Agree with EY2. Set up automated buys of VTSAX and don't even think about it.
I just use wall street bets subreddit. It’s free and they can help you turn that 80k into 80$ overnight.
Just use vanguard. Don’t over think it.
Coach
2% is high af
Thanks I kinda needed a sanity check
Put it in VTI and move on
General background — Check out “the simple path to wealth” from JL collins.
Depending on your age and risk tolerance you’ll want a certain percentage of bonds (google “bogleheads three fund portfolio” for details). But generally speaking, if you have a long horizon for needing to cash out, throw money at a total stock index fund like VTI, VTSAX, SCHB, or the like.
You can’t control market returns, but the one thing you can control is fees. Don’t weigh down your returns with broker fees. Brokers aren’t going to outsmart indexes.
I would highly recommend Vanguard unmanaged funds for insignificant fees.
The financial advisor probably saw you as a good target client given you sat on so much cash without investing it already. You don't and didn't need their advice for index fund / unmanaged fund investing.
Haven't used Wealthfront, but can vouch for Betterment and the general premise.
Coach
Take $10k and open a TreasuryDirect.gov account and buy series I-bonds. They are paying 9.62%. While inflation is high, you can’t beat this for no/low risk return with zero fees. You are limited to 10k per year per person. If you have a spouse, do not twice. The 10k principal and interest is paid upon redemption. You can hold as long as 30 years, but I would redeem when we get out of this crazy inflation environment and the
guaranteed returns on the bonds drop.
Coach
You would have to set it up under your child’s SSN and that would legally belong to the child. There is also a “gift box” option that I have not done yet. See this video. https://youtu.be/nQUfCcXRNts
Mentor
Index funds and chill. Low cost, will best most “managed funds”
You don’t need an advisor at all and would advise against it. Buy vti and maybe vxus for international and that’s it
Research about I-bonds:
https://thefinancebuff.com/how-to-buy-i-bonds.html?fbclid=IwAR2v79Nu6Oi5RyEqaO5lIFXRP3UE95goaojwkMZlprWXkdvxeUObd2Gul7U
Instead of looking for a financial "advisor" consider opening a brokeage account and buy a total index ETF (Exchange Traded Fund) like VTI, SCHB or even SPY you can even split among all three. This is an easier and a better choice than giving someone else a % of your money away every year.
You can do what I did by putting your savings into passive income, where it pays off every day
MLM 😂
I invest in FNILX with an individual brokerage account at Fidelity. Easy to open an account from their website. Zero fees.

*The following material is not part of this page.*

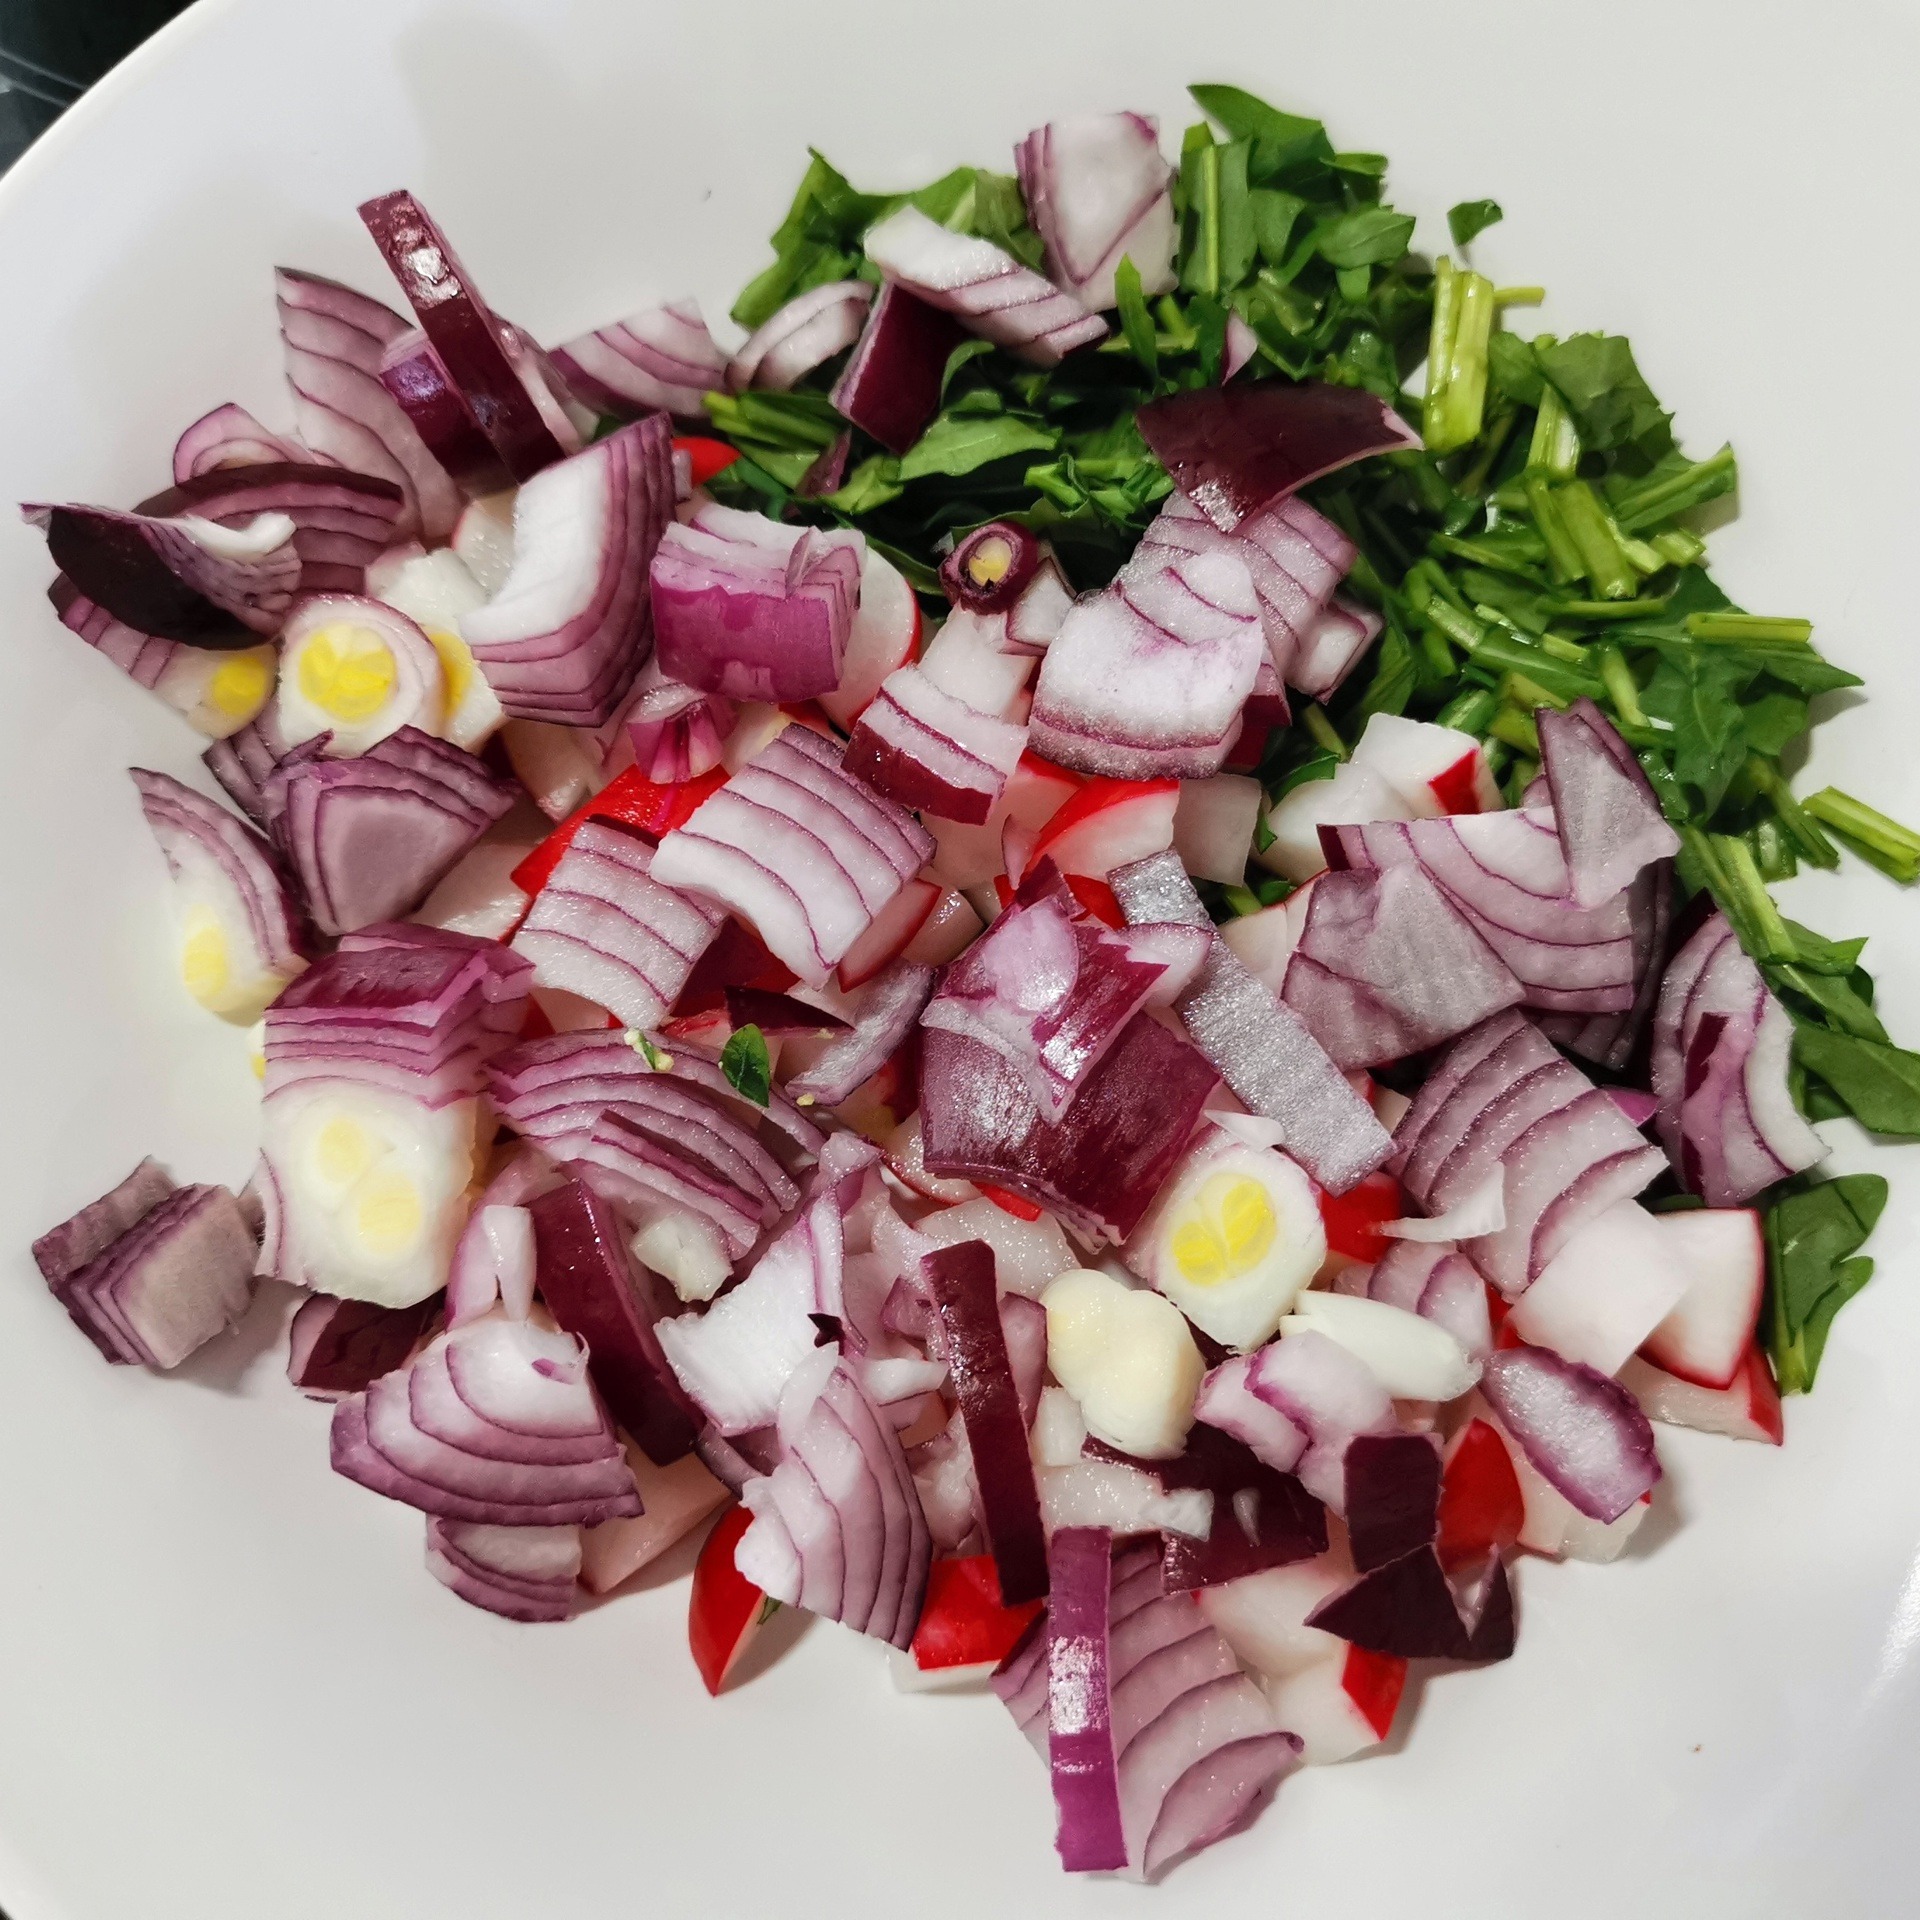 Какие существуют праздничные рецепты салатов европейской кухни?

As for how much to invest- make sure first you have 6-12 months of expenses worth saved in a cash savings account. If you are planning any big purchases like a house or car, put that money in a cash savings account too. Then, put the rest into stocks, understanding that this is money you aren’t going to touch for at least 1 year (to avoid short term capital gains taxes) and more likely up to 30 years until you retire. So put however much you feel comfortable locking away for a long time.
2% is normal for specific types of alternative investments but not required it’s all up to how you want to invest and what your goals are
If he was charging 2% against profits of his investment suggestions, would bite his hand off to get that. 2% of the total fund tho - lol.
VTI it similar - done.
If you had to use a credit card and one was $95/yr and the other was $495/yr for the exact same perks, which one would you use?
It's really hard to find a managed fund that consistently beats an index fund. So why pay more for the management fees?
Stock market is not the only way to invest and you will find a whole lot of suggestions in the bowl. Stock is high risk high reward kind of situation.
Real estate could be good if you can buy outright due to high mortgage rates. Less buyers on the market.
Crypto is a gamble. Some are saying it's a ponzi, some are saying to wait out the SEC regulations... Read on what happened to Luna.
And don't trust what a random person tells you on the internet 😂. Do your own research.
I am for sub 1 percent on all funds. If you're smart and driven enough to be an attorney, you can learn to manage your own funds in a way that will not take up more than one hour a month of your time.
I’m at about half your numbers - but I have the same challenge. No real understanding for where to get started + easily overwhelmed with decisions and options.
2% to tell you invest in some funds that probably charge 1%! I need to charge these guys more.
You need to study up on investing so they don’t take as much as they otherwise will. Index funds are a good parking spot. But check the fees! Diversify. Keep some cash. Make sure you are getting the best rate on your savings at the credit union. What does your accountant say? IRA, 401k?